Nach der mündlichen Verhandlung vom 25. Mai 2011 -insoweit wiederum im schriftlichen Verfahren -wurden der Beschwerdegegnerin mit Schreiben des Senats vom 8. Juli 2011 Unterlagen aus der Linguistik sowie entsprechende Fundstellen dazu mitgeteilt, dass die Auffassung der Sprachteilnehmer beim Wahrnehmen eines nicht ganz vollständigen oder unrichtig geschriebenen Wortes jederzeit dahin gehe, diejenige Ergänzung des Wortes vorzunehmen, die in Bezug auf das angesprochene Thema wegen der Häufigkeit seines Vorkommens in der Sprache nahe liege (Bl. 123, 124 GA). Der Senat teilte mit, dass er auf dieser Grundlage an der Schutzfähigkeit der Marke zweifle.
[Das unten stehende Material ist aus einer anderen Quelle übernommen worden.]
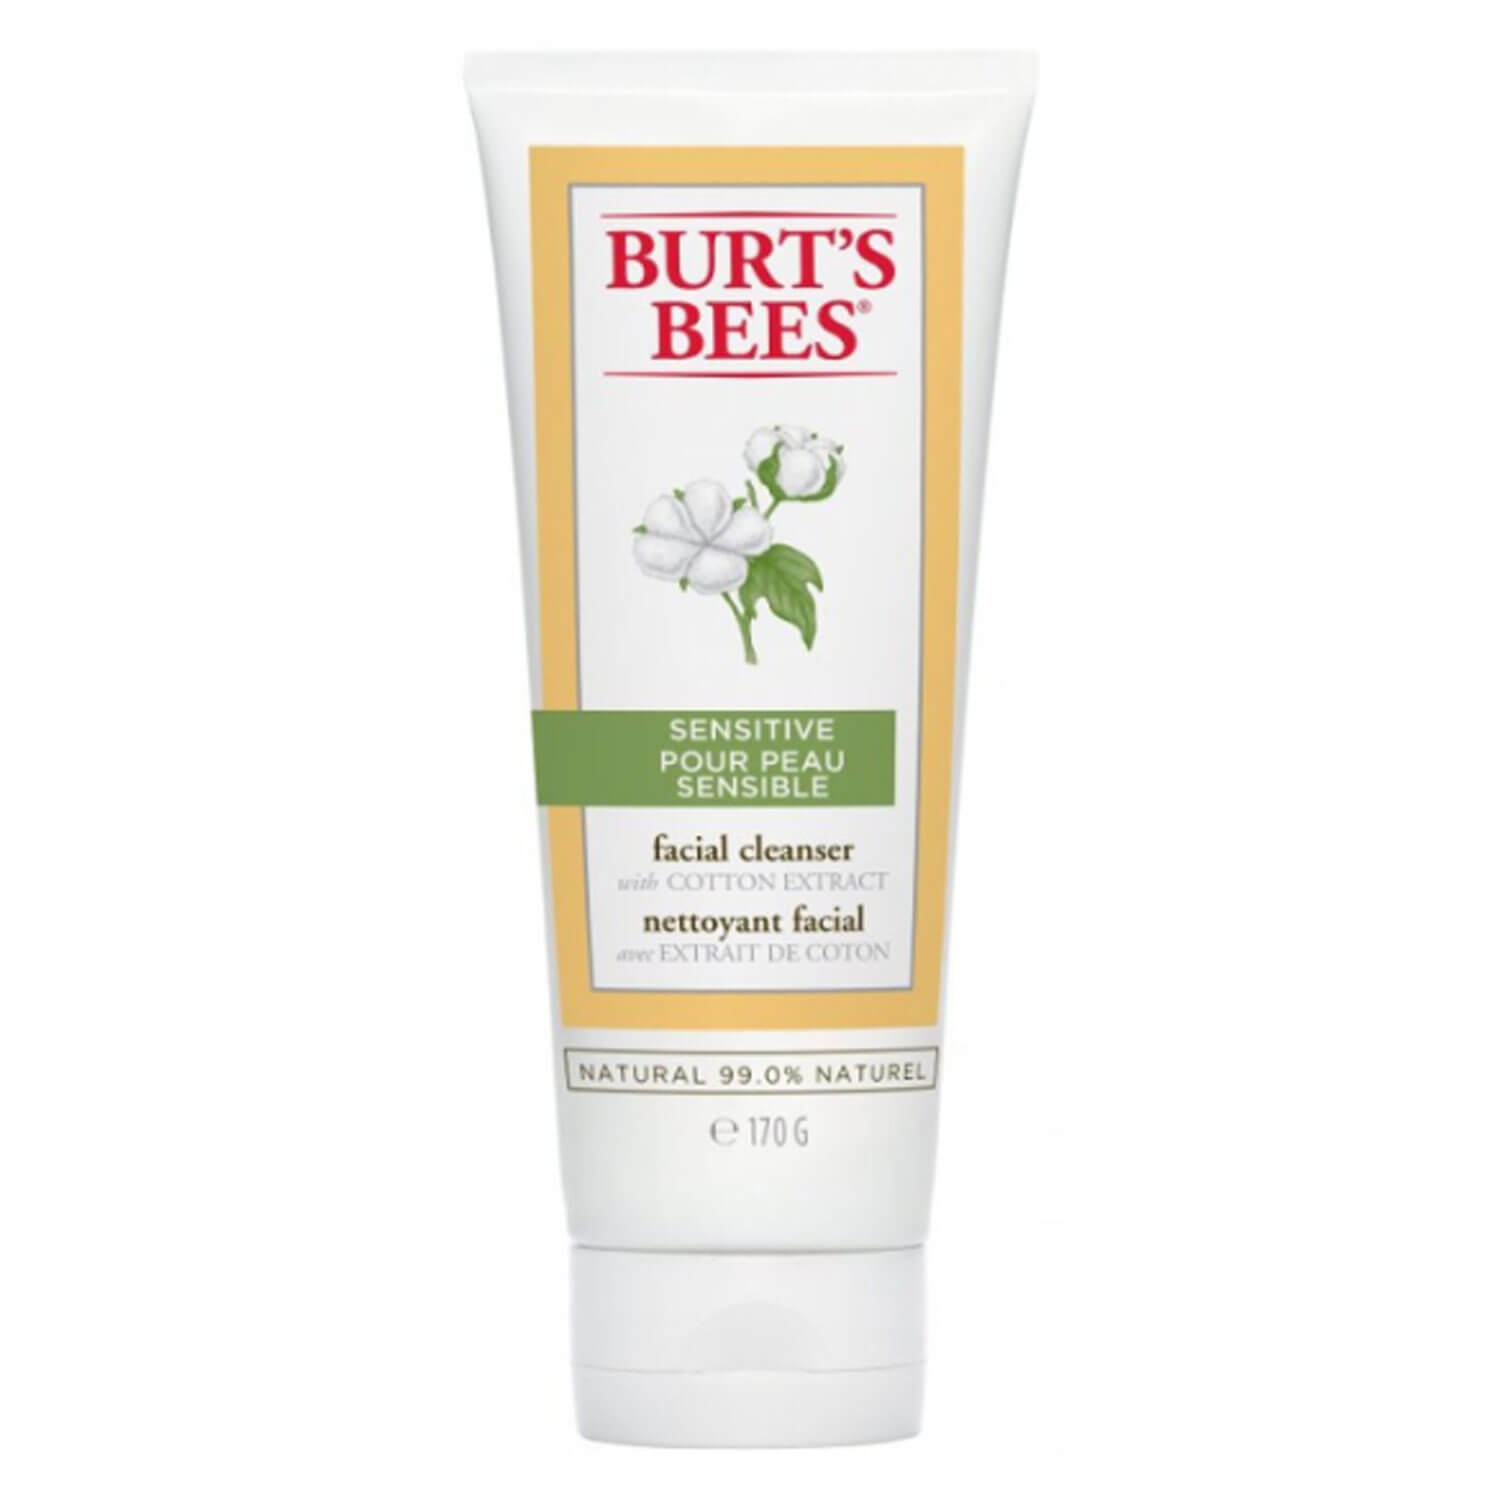 Produktbild von Burt's Bees - Sensitive Facial Cleanser Cotton Extract

Darauf nahm die Beschwerdegegnerin mit Schriftsatz vom 1. September 2011 erneut Stellung und beantragte über den bisher gestellten Antrag der Zurückweisung der Beschwerde hinaus die Zulassung der Rechtsbeschwerde. Sie verweist auf die umfangreiche Verwendung von "Kaleido" in kennzeichenmäßiger Art, zweifelt ander Bekanntheit der englischen Abkürzung "kaleido" für "kaleidoscope" und beziehtsich auf bereits erfolgte Eintragungen in England vonund "KALEIDO CUBE".
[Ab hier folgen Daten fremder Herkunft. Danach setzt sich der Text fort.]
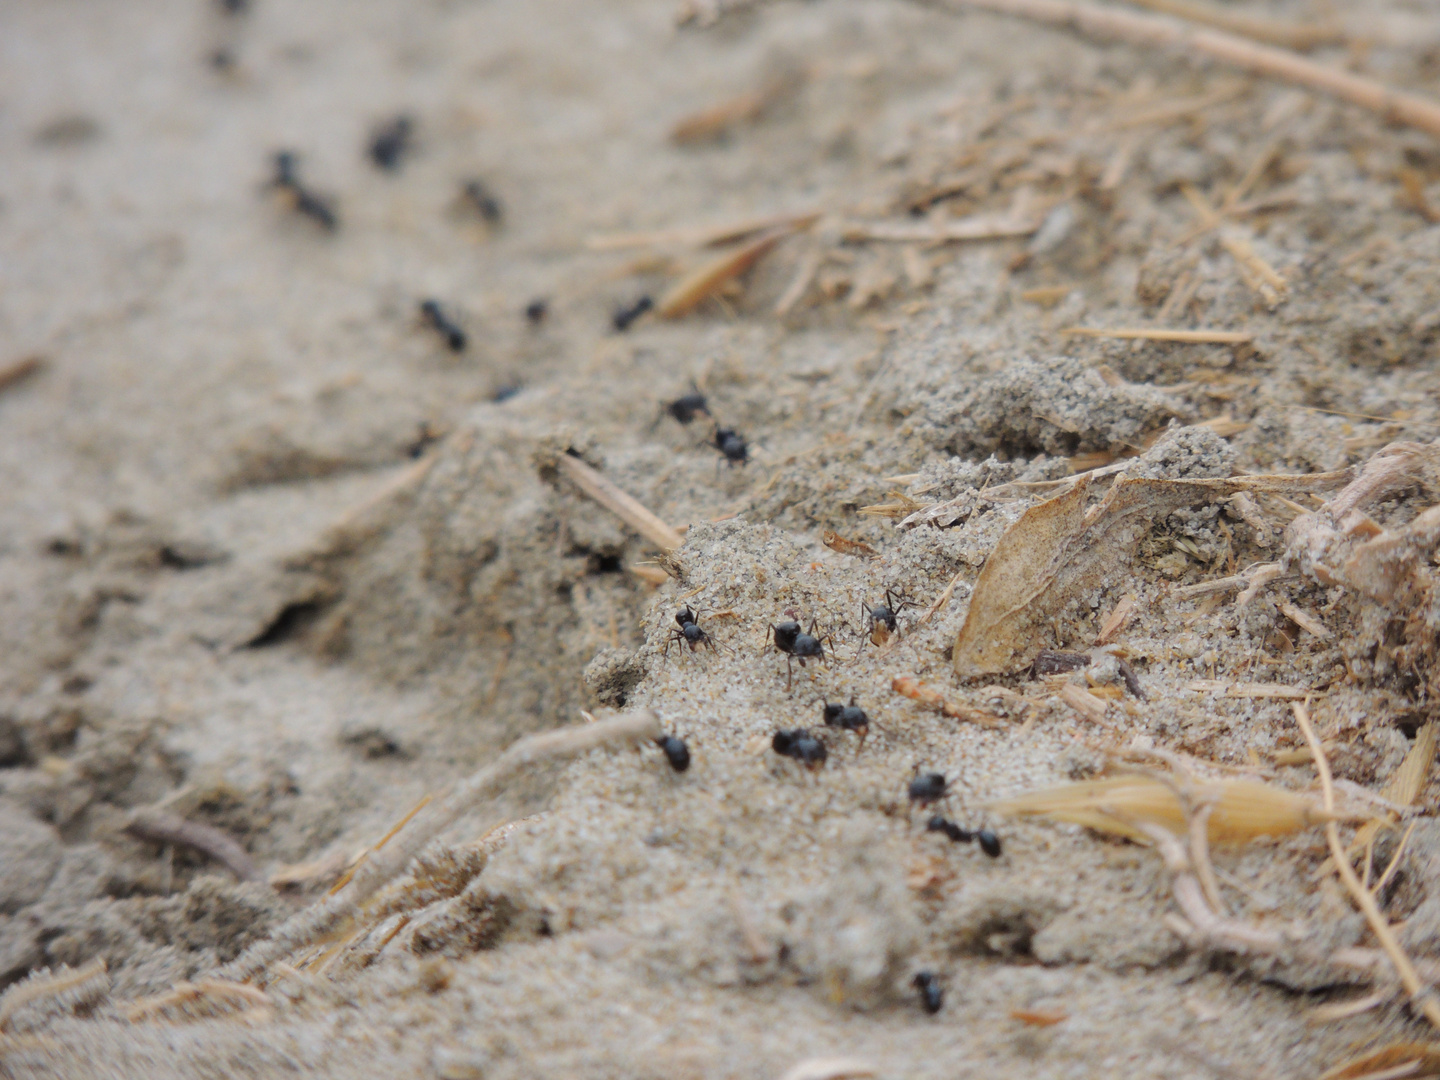 Autoroute de fourmis

Wegen der weiteren Einzelheiten wird auf den Akteninhalt Bezug genommen.

II.

Die zulässige Beschwerde ist begründet. Die angegriffene Marke ist entgegen der Ansicht der Markenabteilung 3.4. für die noch beschwerdegegenständliche Ware "Spielzeug" in Klasse 28 zu löschen, weil sie insoweit entgegen § 8 Abs. 2 Nr. 1 MarkenG eingetragen worden ist und das Schutzhindernis auch heute noch besteht.

1. Nach § 50 Abs. 1 MarkenG ist eine Marke zu löschen, wenn sie entgegen §§ 3, 7 oder 8 MarkenG eingetragen worden ist. Im Falle eines Eintragungshindernisses nach § 3, 7 oder 8 Abs. 2 Nr. 1 bis 9 MarkenG muss dieses noch im Zeitpunkt der Entscheidung über die Beschwerde fortbestehen (§ 50 Abs. 2 Satz 1 MarkenG). Ferner kann bei einem Schutzhindernis gemäß § 8 Abs. 2 Nr. 1, 2 oder 3 MarkenG eine Löschung nur erfolgen, wenn der Löschungsantrag, der von jedermann gestellt werden kann (§ 54 Abs. 1 Satz 2 MarkenG), innerhalb von 10 Jahren seit dem Tag der Eintragung gestellt worden ist (§ 50 Abs. 2 Satz 2 MarkenG).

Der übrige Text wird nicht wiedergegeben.